- Planned PlayStation 2 cover
- Developer: Treasure
- Publishers: Conspiracy Entertainment Swing! Entertainment
- Director: Tetsuhiko Kikuchi
- Designers: Tetsuhiko Kikuchi; Kouji Kitatani; Tsunehisa Kanagae; Seiji Hasuko;
- Programmers: Fukuryuu; Masaki Ukyo; Yoshihiro Miura;
- Composer: Norio Hanzawa
- Platforms: PlayStation 2, GameCube
- Release: Cancelled
- Genre: Fighting
- Modes: Single-player, multiplayer

= Tiny Toon Adventures: Defenders of the Universe =

Cancelled fighting video game

Tiny Toon Adventures: Defenders of the Universe is a cancelled fighting game based on the Tiny Toon Adventures franchise. It was initially scheduled for release in mid-2002, but was cancelled for unknown reasons, despite having completed development. It was developed by Treasure and originally slated for the PlayStation 2 and GameCube. On 25 February 2009, a disc image of the game was released by a member of the Internet forum Lost Levels.

The surviving voice actors from the TV series reprised their roles as their characters for this game, with Charlie Adler returning as the voice of Buster (as well as voicing Zag) and Billy West replacing the late Don Messick as the voice of Hamton.

==Gameplay and premise==

Screenshot of the game

The plot of Defenders of the Universe centers on Montana Max taking over the planet Gold Star. Natives of the planet, the Bullions, escape and ask Buster Bunny, Babs Bunny, Plucky Duck, and Hamton Pig for help.

==Development and cancellation==
Originally titled Tiny Toon Adventures: Defenders of the Looniverse, Defenders of the Universe was first announced in 2001 with a planned spring 2002 release.
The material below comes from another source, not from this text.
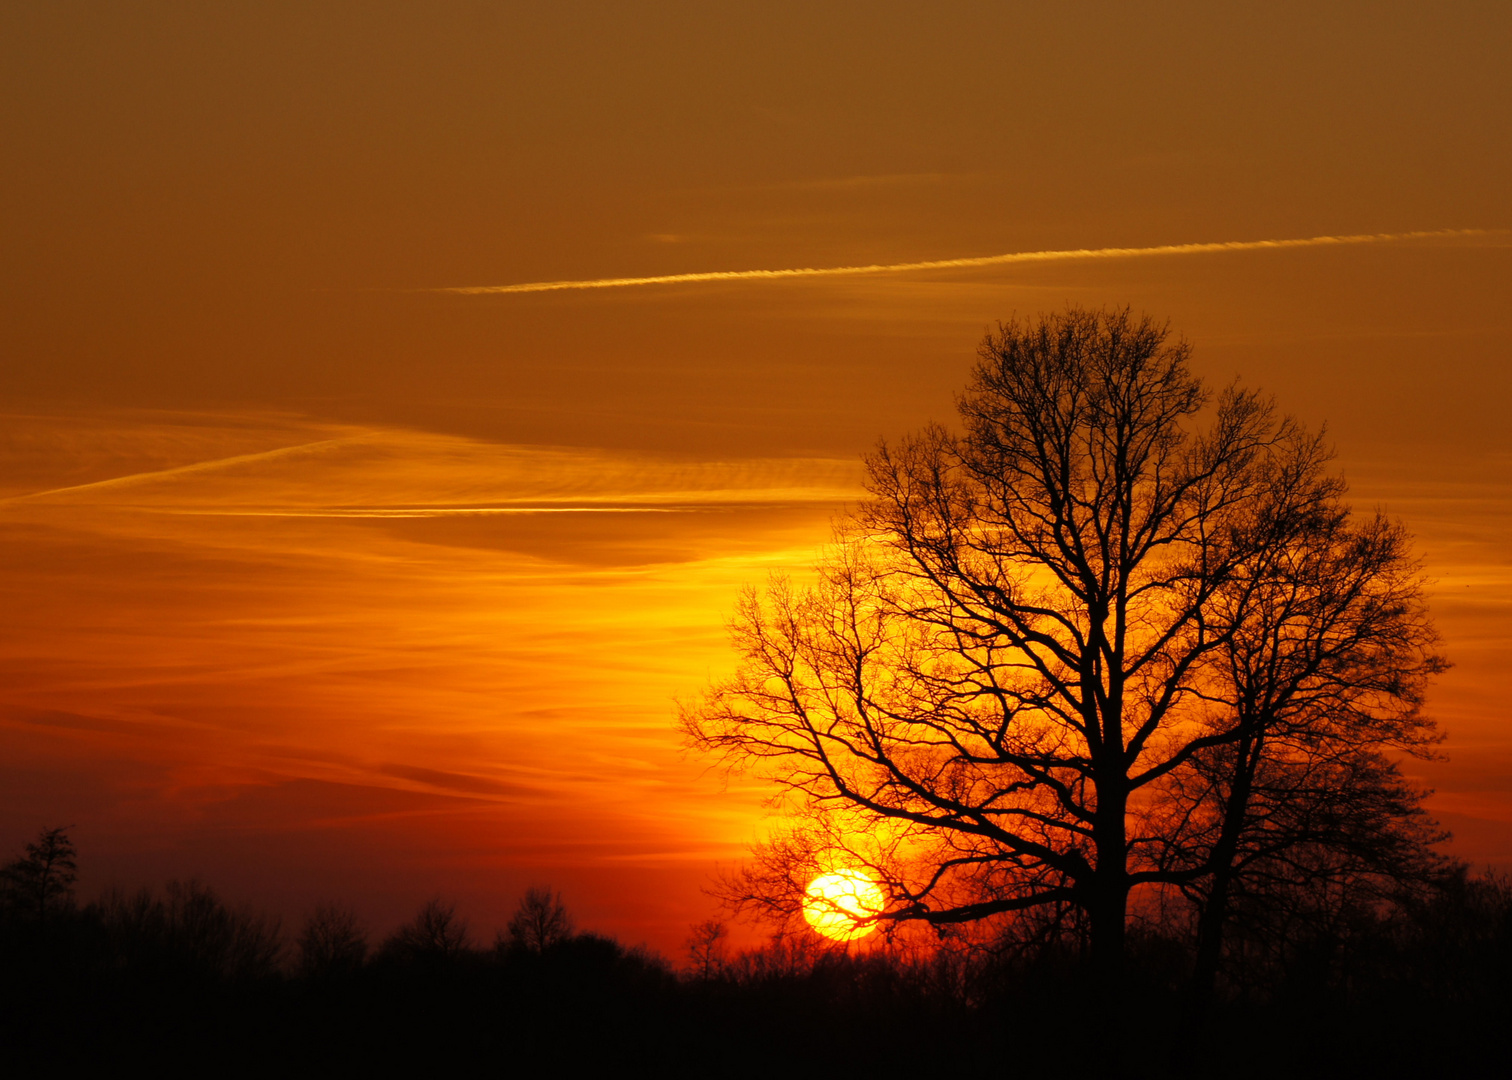 Sonnenuntergang im Emsland (März 2011)

It was later expected for release by the summer that same year.

In 2004, Douglas C. Perry for IGN suggested that the game had always been intended for release, mentioning that it was "still officially slated to come out sometime (not necessarily in 2004)". While the game was given an ESRB rating and was shown on retail listings, it was never released in any capacity, with no official reason given.

==Reception==
Kurt Kalata from Hardcore Gaming 101 theorized that the game was planned to be the spiritual successor to Treasure's 1999 Japanese-exclusive Rakugaki Showtime, noting its similarities in gameplay and mechanics. Shared staff between the two games include director and co-designer Tetsuhiko Kikuchi, co-designer Tsunehisa Kanagae, and programmer Masaki Ukyo.